__Task requirements__. Starting from the first line below, repeat the data exactly through to the last.

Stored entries
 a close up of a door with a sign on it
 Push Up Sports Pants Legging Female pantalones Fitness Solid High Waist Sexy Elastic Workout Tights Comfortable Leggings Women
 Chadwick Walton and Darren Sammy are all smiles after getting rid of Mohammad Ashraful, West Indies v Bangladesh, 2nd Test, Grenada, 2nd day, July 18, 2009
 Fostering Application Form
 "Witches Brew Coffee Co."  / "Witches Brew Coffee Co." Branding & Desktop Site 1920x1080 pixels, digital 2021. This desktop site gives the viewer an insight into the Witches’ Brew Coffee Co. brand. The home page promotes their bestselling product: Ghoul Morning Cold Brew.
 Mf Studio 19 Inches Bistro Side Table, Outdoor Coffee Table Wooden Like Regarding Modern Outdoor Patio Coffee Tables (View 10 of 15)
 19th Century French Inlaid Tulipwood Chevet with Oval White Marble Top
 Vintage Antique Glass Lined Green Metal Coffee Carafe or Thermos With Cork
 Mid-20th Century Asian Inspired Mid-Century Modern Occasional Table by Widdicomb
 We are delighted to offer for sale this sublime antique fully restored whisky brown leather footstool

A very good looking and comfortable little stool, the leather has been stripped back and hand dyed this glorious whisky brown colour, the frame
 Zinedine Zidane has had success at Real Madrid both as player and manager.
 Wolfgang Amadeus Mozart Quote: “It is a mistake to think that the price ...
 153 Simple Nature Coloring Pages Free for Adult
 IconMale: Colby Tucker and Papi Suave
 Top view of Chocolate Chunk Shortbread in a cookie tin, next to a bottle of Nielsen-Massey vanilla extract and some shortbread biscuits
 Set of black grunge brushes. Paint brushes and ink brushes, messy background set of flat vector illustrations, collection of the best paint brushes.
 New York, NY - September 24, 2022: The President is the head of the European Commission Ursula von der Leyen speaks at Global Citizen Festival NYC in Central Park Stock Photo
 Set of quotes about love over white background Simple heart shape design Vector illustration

__Written answer__.
 a close up of a door with a sign on it
 Push Up Sports Pants Legging Female pantalones Fitness Solid High Waist Sexy Elastic Workout Tights Comfortable Leggings Women
 Chadwick Walton and Darren Sammy are all smiles after getting rid of Mohammad Ashraful, West Indies v Bangladesh, 2nd Test, Grenada, 2nd day, July 18, 2009
 Fostering Application Form
 "Witches Brew Coffee Co."  / "Witches Brew Coffee Co." Branding & Desktop Site 1920x1080 pixels, digital 2021. This desktop site gives the viewer an insight into the Witches’ Brew Coffee Co. brand. The home page promotes their bestselling product: Ghoul Morning Cold Brew.
 Mf Studio 19 Inches Bistro Side Table, Outdoor Coffee Table Wooden Like Regarding Modern Outdoor Patio Coffee Tables (View 10 of 15)
 19th Century French Inlaid Tulipwood Chevet with Oval White Marble Top
 Vintage Antique Glass Lined Green Metal Coffee Carafe or Thermos With Cork
 Mid-20th Century Asian Inspired Mid-Century Modern Occasional Table by Widdicomb
 We are delighted to offer for sale this sublime antique fully restored whisky brown leather footstool

A very good looking and comfortable little stool, the leather has been stripped back and hand dyed this glorious whisky brown colour, the frame
 Zinedine Zidane has had success at Real Madrid both as player and manager.
 Wolfgang Amadeus Mozart Quote: “It is a mistake to think that the price ...
 153 Simple Nature Coloring Pages Free for Adult
 IconMale: Colby Tucker and Papi Suave
 Top view of Chocolate Chunk Shortbread in a cookie tin, next to a bottle of Nielsen-Massey vanilla extract and some shortbread biscuits
 Set of black grunge brushes. Paint brushes and ink brushes, messy background set of flat vector illustrations, collection of the best paint brushes.
 New York, NY - September 24, 2022: The President is the head of the European Commission Ursula von der Leyen speaks at Global Citizen Festival NYC in Central Park Stock Photo
 Set of quotes about love over white background Simple heart shape design Vector illustration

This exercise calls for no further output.